Systematic Investigation of Benzodithiophene-Benzothiadiazole Isomers for Organic Photovoltaics

Two new donor-acceptor small molecules based on benzo[1,2-b:4,5-b']dithiophene (BDT) and benzo[c][1,2,5]thiadiazole (BT) were designed and synthesized. Small molecules 4,4'-[(4,8-bis(5-(2-ethylhexyl)thiophen-2-yl)benzo[1,2-b:4,5-b']dithiophene-2,6-diyl)bis(2,2'-bithiophene)-5,5'-diyl]bis(benzo[c][1,2,5]thiadiazole) (BDT-TT-BT) and 4,4'-(4,8-bis(5-(2-ethylhexyl)thiophen-2-yl)benzo[1,2-b:4,5-b']dithiophene-2,6-diyl)bis[7-(2,2'-bithiophene-5-yl)benzo[c][1,2,5]thiadiazole] (BDT-BT-TT) are structural isomers with the 2,2-bithiophene unit placed either between the BDT and BT units or at the end of the BT units.
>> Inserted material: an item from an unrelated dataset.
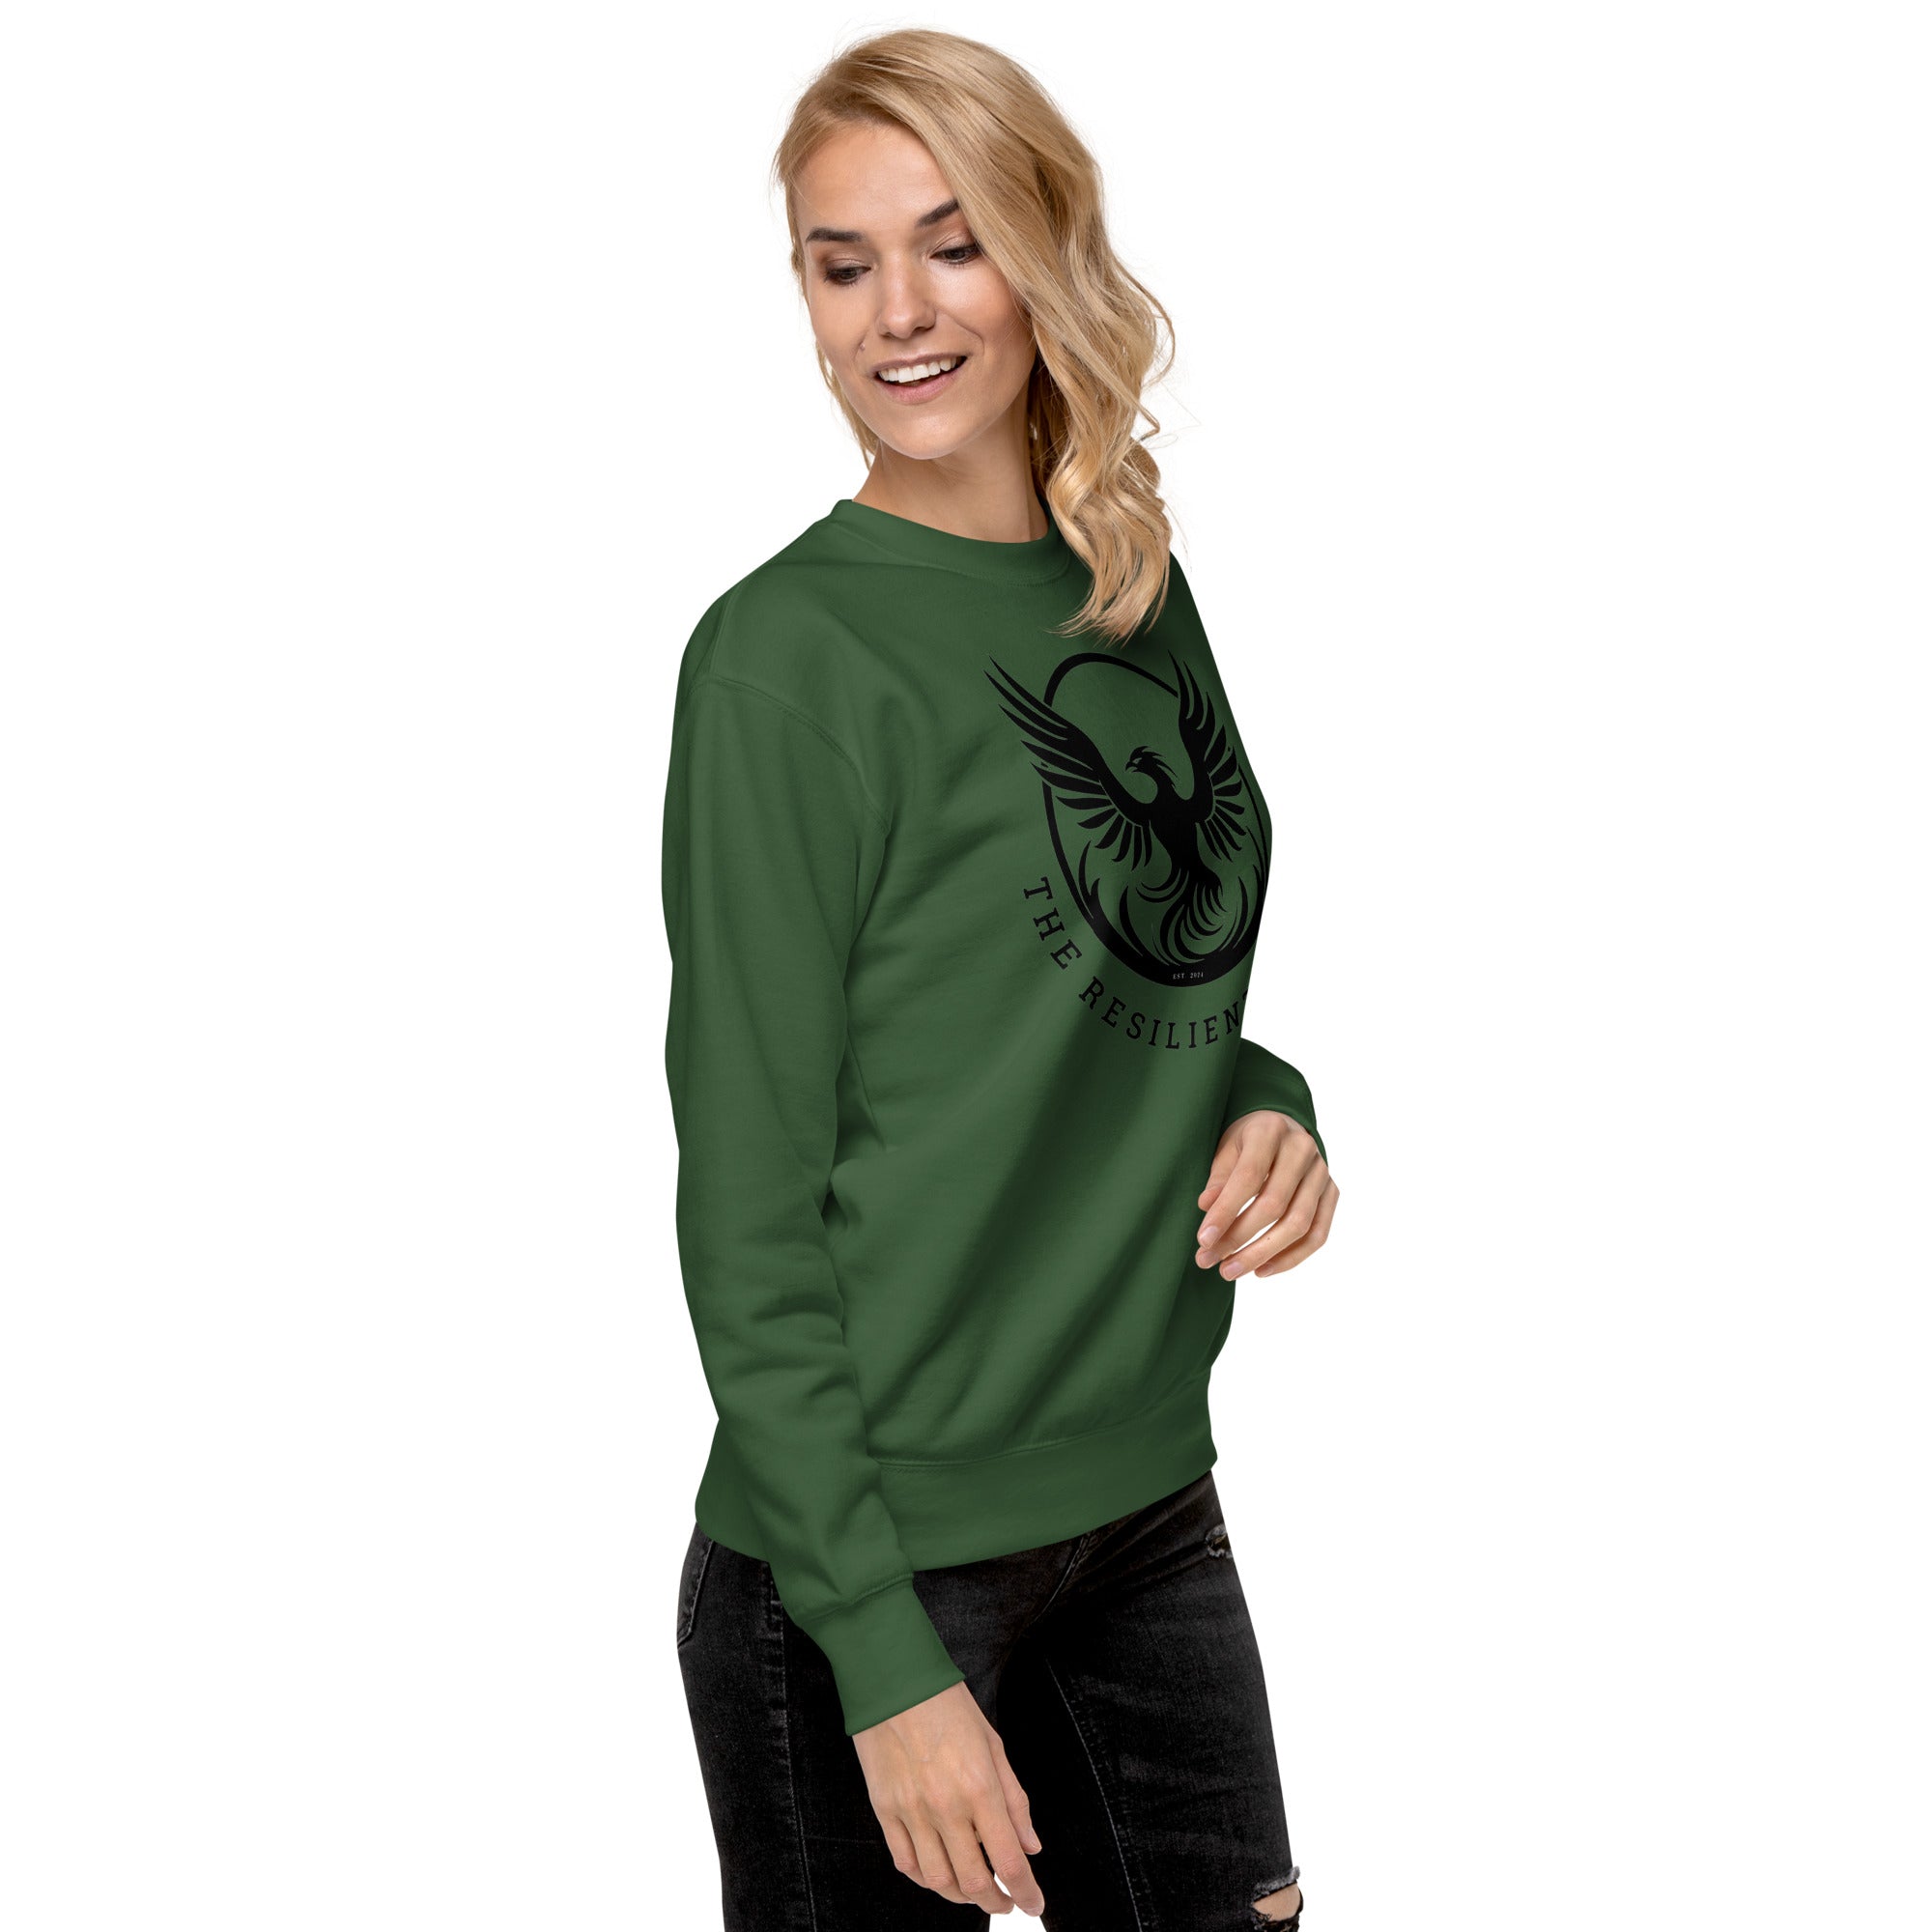 The Resilient Soul Unisex Premium Sweatshirt - My Store

This work is targeted toward finding the effect of structural variation on optoelectronic properties, morphology, and photovoltaic performance. On the basis of theoretical calculations, the molecular geometry and energy levels are different for these two molecules when the position of the 2,2-bithiophene unit is changed. Optical and electrochemical properties of these two small molecules were characterized using UV-vis and cyclic voltammetry. The results showed that BDT-BT-TT has broader absorption and an elevated HOMO energy level when compared with those of BDT-TT-BT. The performance of these two isomers in solar cell devices was tested by blending with [6,6]-phenyl-C₇₁-butyric acid methyl ester (PC₇₁BM). Power conversion efficiencies as high as 3.22 and 3.71% were obtained in conventional solar cell structures for BDT-TT-BT and BDT-BT-TT, respectively. The morphology was studied using grazing incident wide-angle X-ray scattering and transmission electron microscopy, which revealed different phase separations of these two molecules when blended with PC₇₁BM.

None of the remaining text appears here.